▶ What to do
Your copy of the data below must be exact and must leave out all pictures.

▶ Material provided
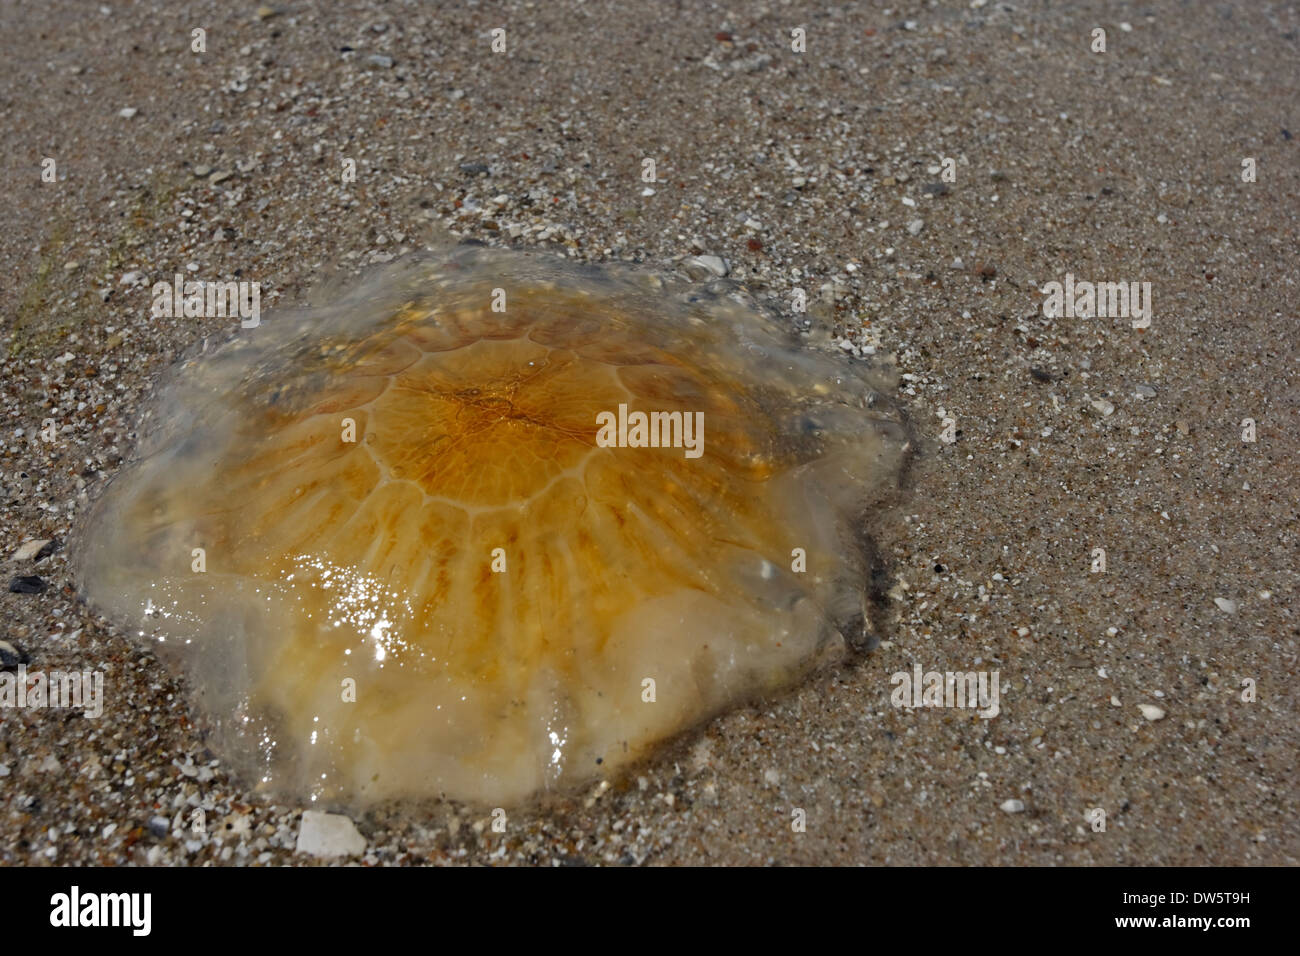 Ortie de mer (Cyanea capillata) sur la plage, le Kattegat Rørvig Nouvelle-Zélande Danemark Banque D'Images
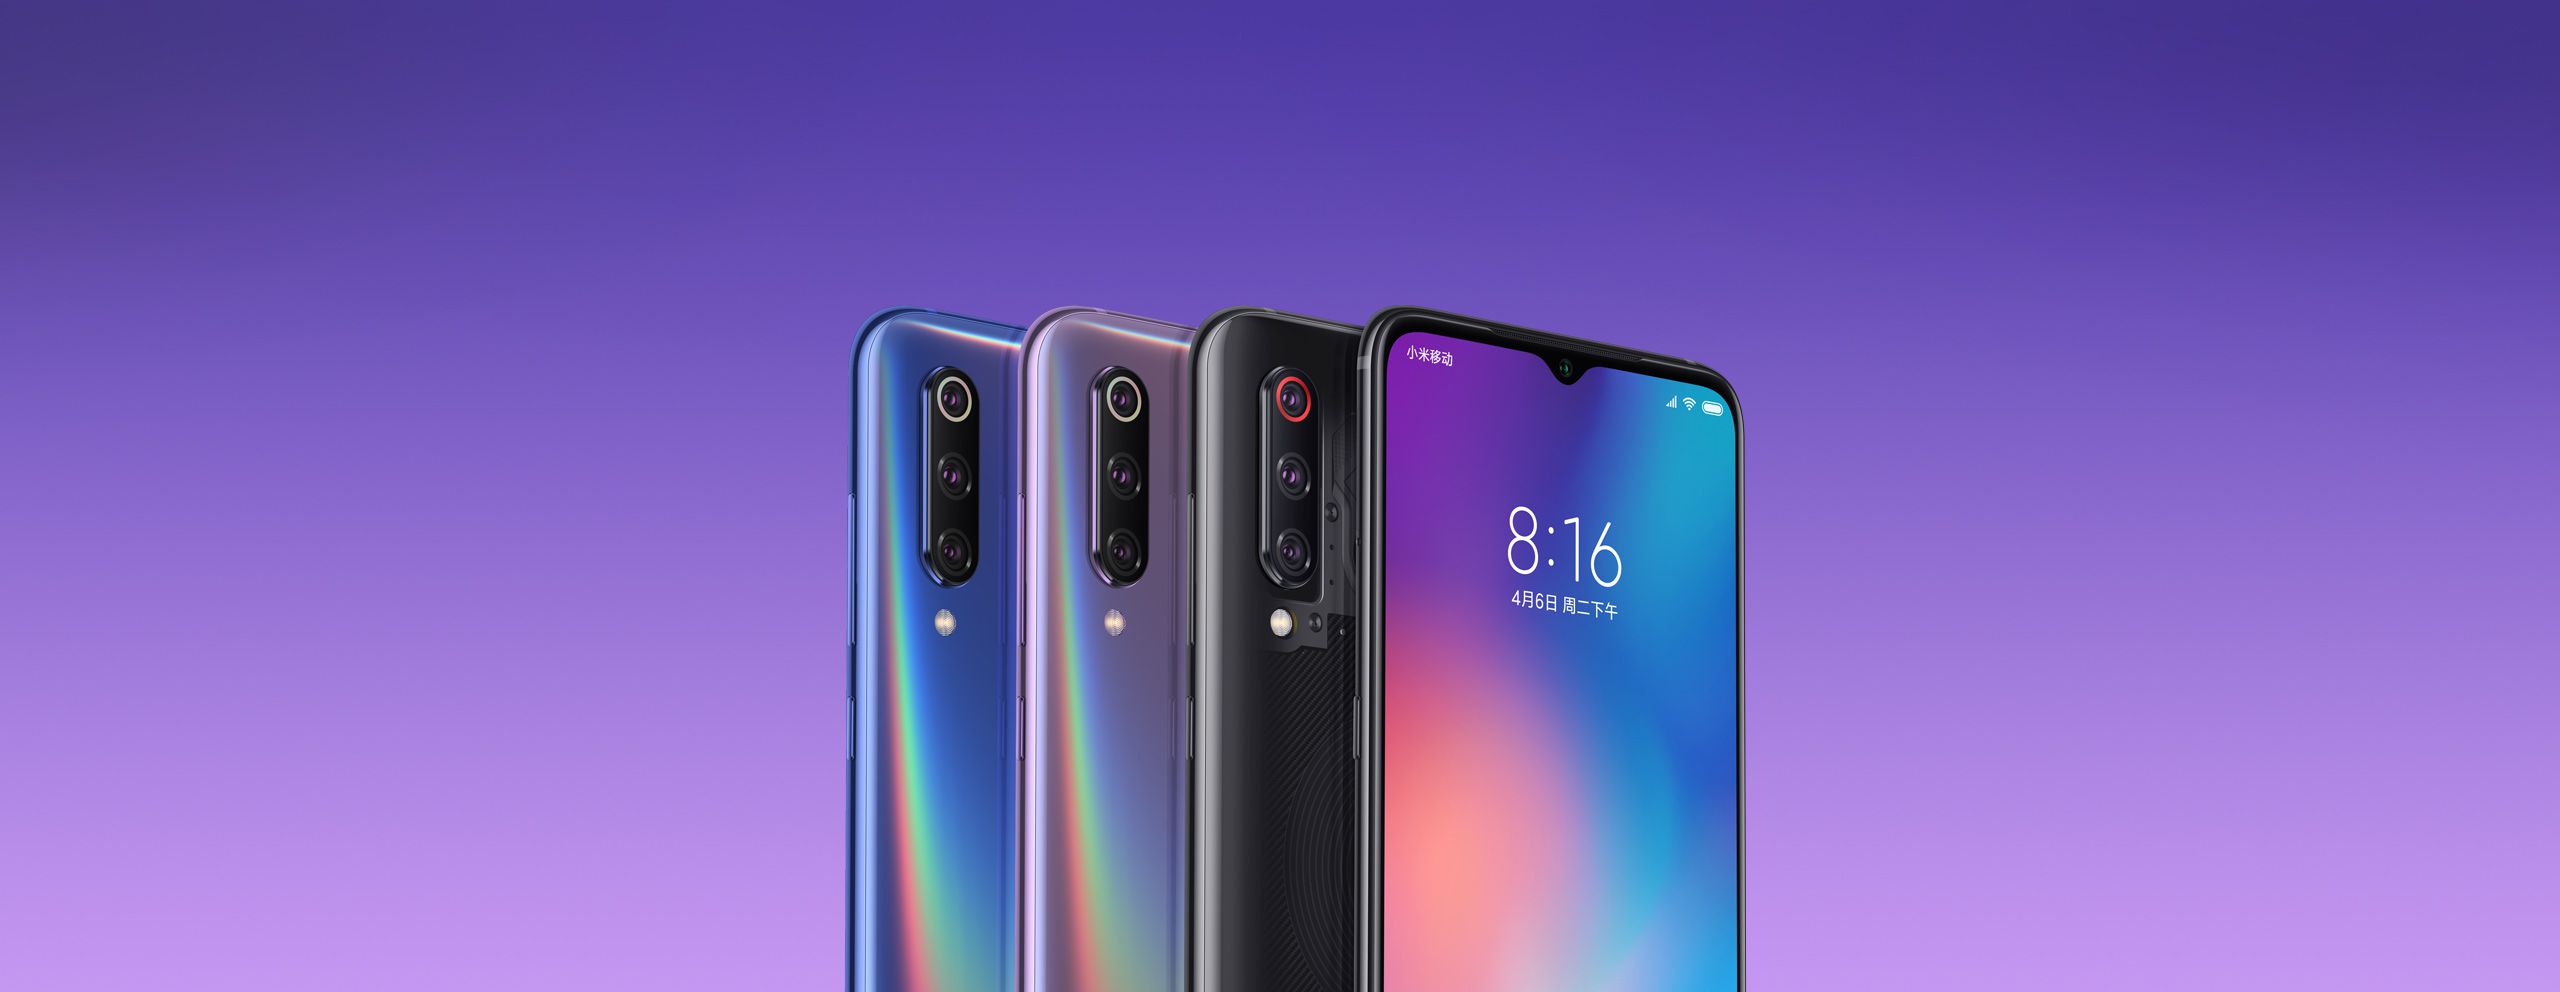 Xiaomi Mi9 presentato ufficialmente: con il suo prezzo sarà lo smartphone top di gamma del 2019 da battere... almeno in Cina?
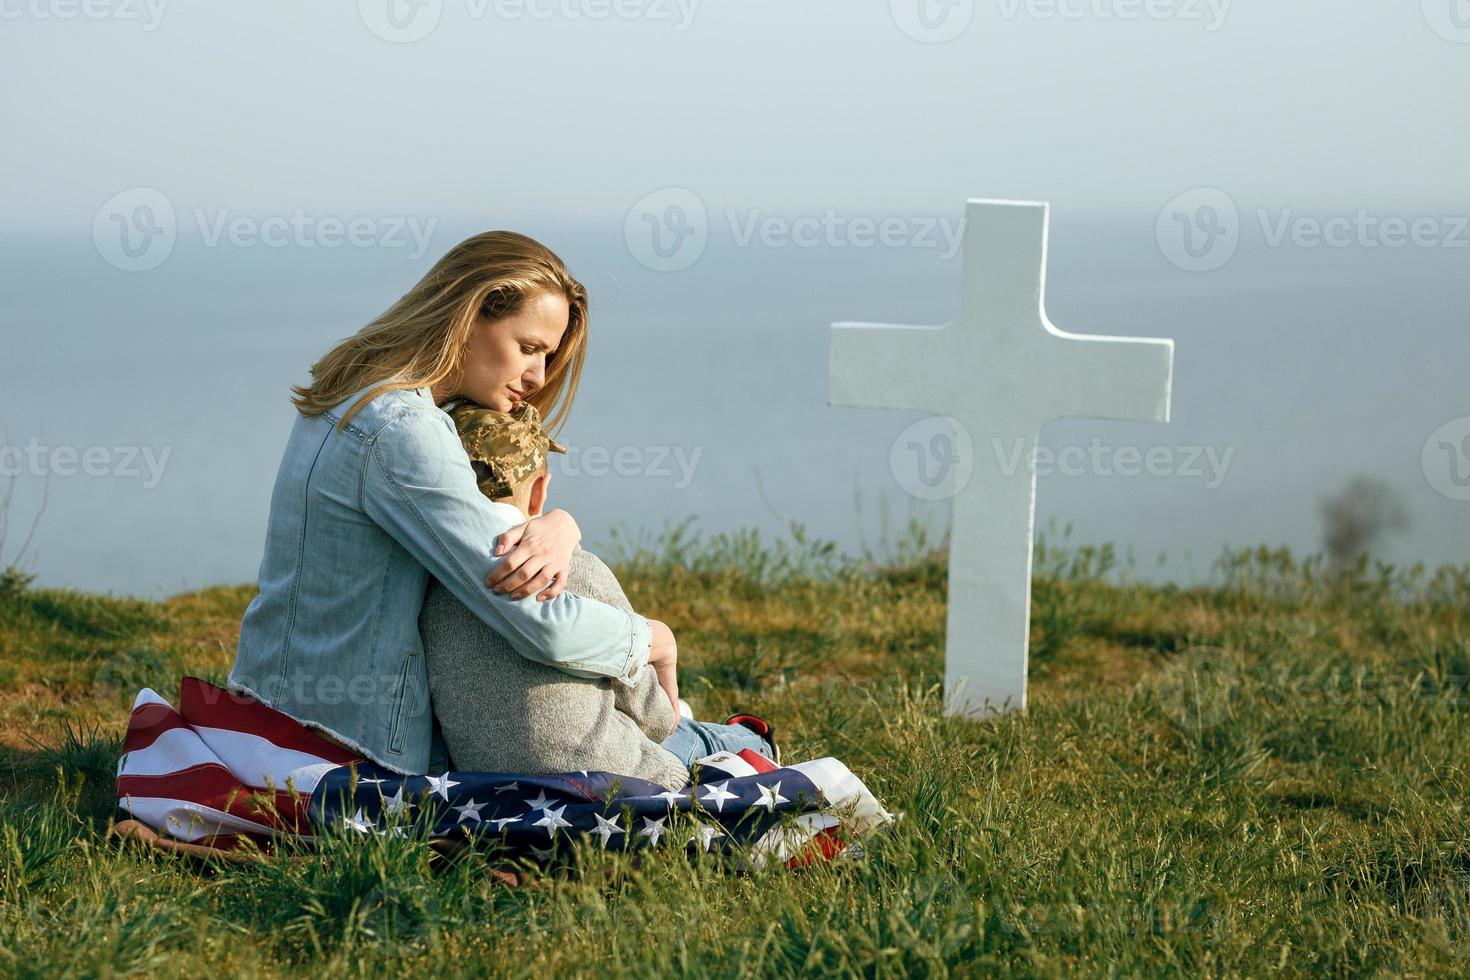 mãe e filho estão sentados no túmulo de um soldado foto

▶ Solution
 Ortie de mer (Cyanea capillata) sur la plage, le Kattegat Rørvig Nouvelle-Zélande Danemark Banque D'Images
 Xiaomi Mi9 presentato ufficialmente: con il suo prezzo sarà lo smartphone top di gamma del 2019 da battere... almeno in Cina?
 mãe e filho estão sentados no túmulo de um soldado foto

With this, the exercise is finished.